BERMBERICHTEN | 3. Brandnetels
In mijn vorige stukje
stelde ik een vraag met de volgende vier antwoorden:
A)
Met
brandnetels kun je heerlijke brandnetelsoep of stamppot maken voor weinig geld
B)
Brandnetels
zijn een rijke voedselbron voor rupsen van allerlei dagvlinders
C)
Brandnetels
groeien vooral op voedselrijke grond
D)
Waar
brandnetels groeien is het arm aan plantensoorten.
Alle antwoorden
zijn goed. Hieronder volgt een toelichting.
Jonge scheuten
van de brandnetel zijn lekker in de soep of stamppot, en sommige mensen
gebruiken ze voor thee. Brandnetelthee kun je ook gewoon in de winkel kopen.
Als brandnetel verhit wordt prikken de brandharen niet meer, zelfs overgieten
met kokend water maakt ze ongevaarlijk. Pluk de jonge topjes met steel en al (ca.
5 cm van de bovenkant), in de lente vóór de bloei. Gebruik daarbij
tuinhandschoenen, want ook op de stengel zitten brandharen. Of pluk later op
plekken waar de brandnetel tussentijds gemaaid is en opnieuw is uitgelopen. Oudere
brandnetel kun je ook eten, maar de stengel is dan hard geworden en de blaadjes
zijn taaier. De stengel wordt zelfs zo vezelig dat er textiel van geweven kan
worden. Dat gebeurde al in de prehistorie. Verwerk de brandnetel zoals je met
spinazie zou doen: kort koken of stoven.
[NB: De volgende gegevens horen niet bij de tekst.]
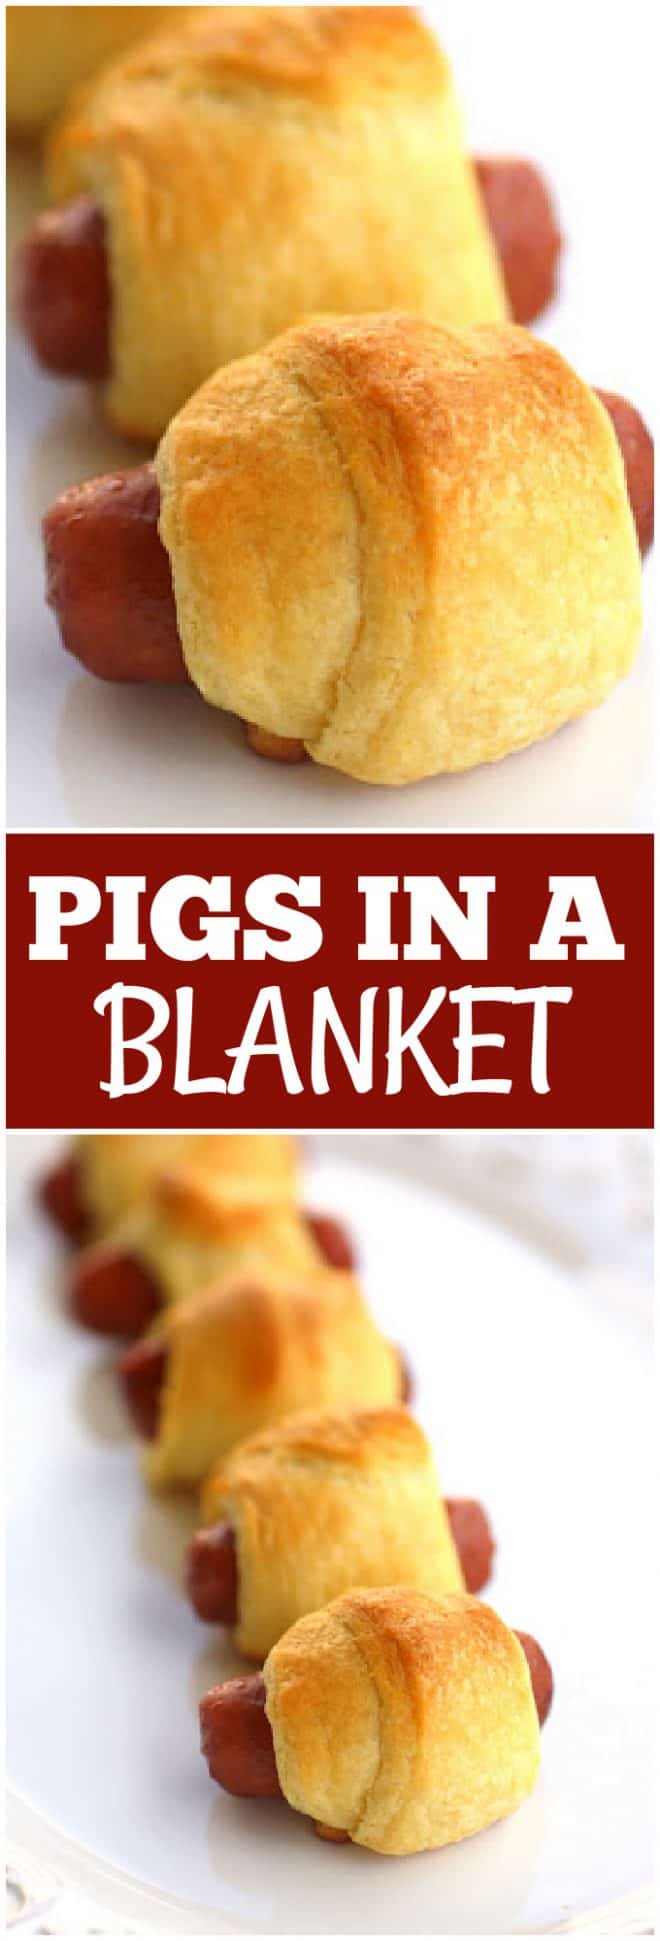 pigs in a blanket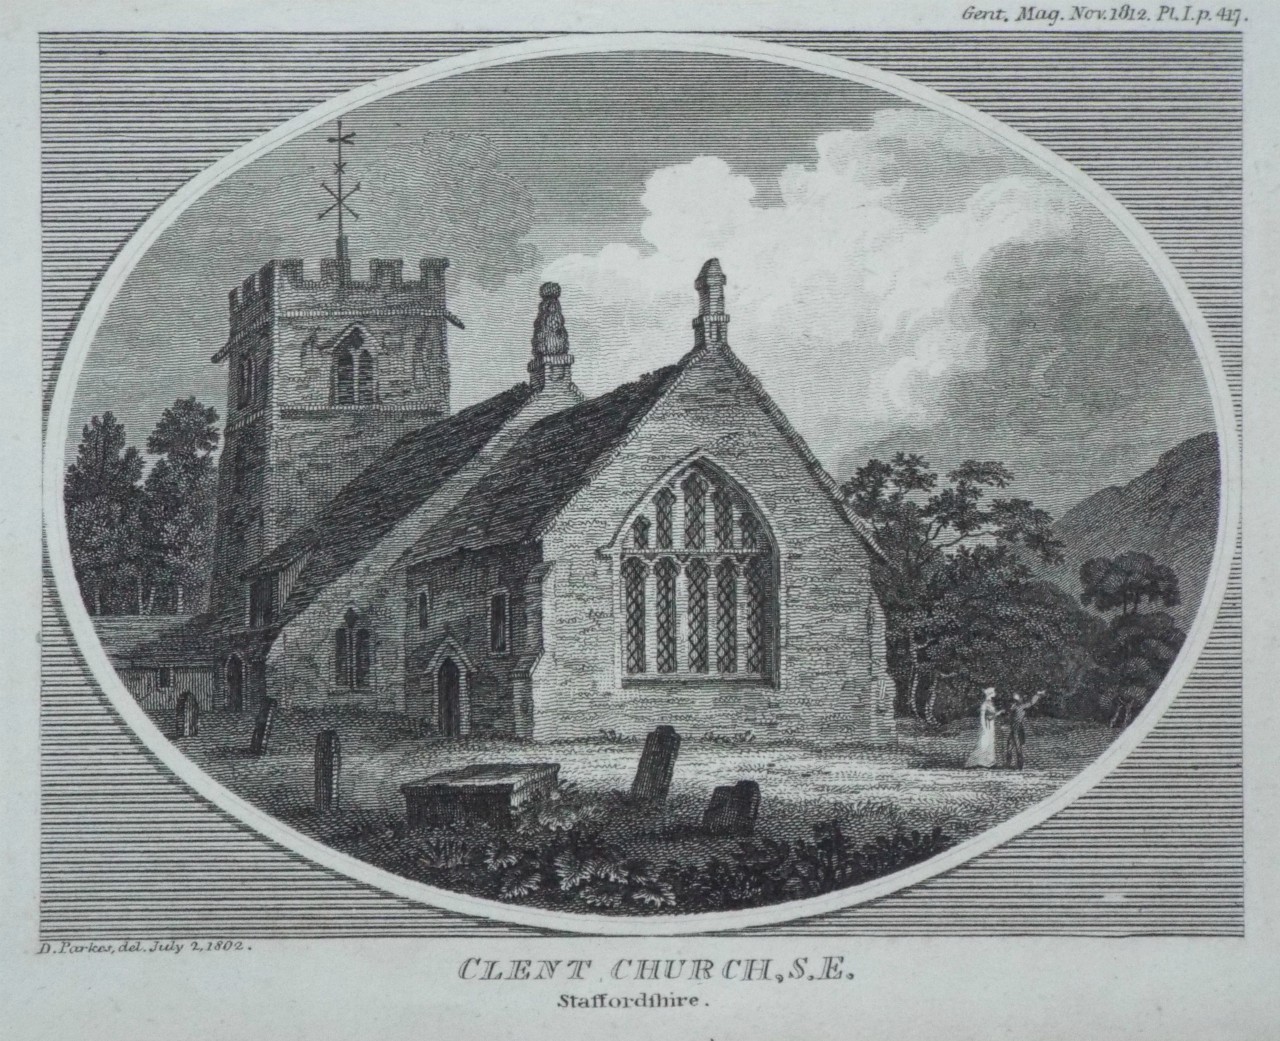 Print - Clent Church, S.E. Staffordshire.

Pluk liefst op plaatsen waar geen
honden worden uitgelaten en was de brandnetelscheuten goed. Er zijn soorten die
op brandnetel lijken, zoals de dovenetel en de hennepnetel, deze zijn gelukkig
ook eetbaar. Wist je trouwens dat de brandharen alleen aan de bovenkant van de
bladeren zitten? Je kunt een brandnetelplant ‘aaien’ van onder naar boven
zonder geprikt te worden. Probeer maar eens. Toch geprikt? In de buurt van
brandnetel groeit vaak hondsdraf of weegbree, hiermee kun je over de bultjes wrijven.
Dat brandnetel belangrijk
is voor vlinders klopt ook. Soorten als dagpauwoog (foto), atalanta, gehakkelde aurelia en kleine vos zetten er hun
eitjes op af en de rupsen van die soorten zijn afhankelijk van brandnetel voor
hun voedsel. Van de brandharen hebben ze geen last.
Brandnetels
zijn een typisch voorbeeld van snelgroeiende planten die profiteren van voedselrijke
bodems. Ze groeien zo hard dat er voor andere planten geen plaats en geen
zonlicht meer overblijft. Dus de laatste twee stellingen zijn ook juist.
Als de gemeente
overschakelt op ecologisch bermbeheer dan kunnen er brandnetels opkomen. Door
het ecologisch beheer vol te houden en de brandnetels een of meer keren per
jaar te maaien en het maaisel af te voeren verdwijnen ze op den duur vanzelf en
krijgen andere soorten een kans om hun plek in te nemen. Dat is dan jammer voor
de rupsen, maar gelukkig voor de vlinders zullen er altijd genoeg brandnetels
overblijven op andere plekken in het landschap.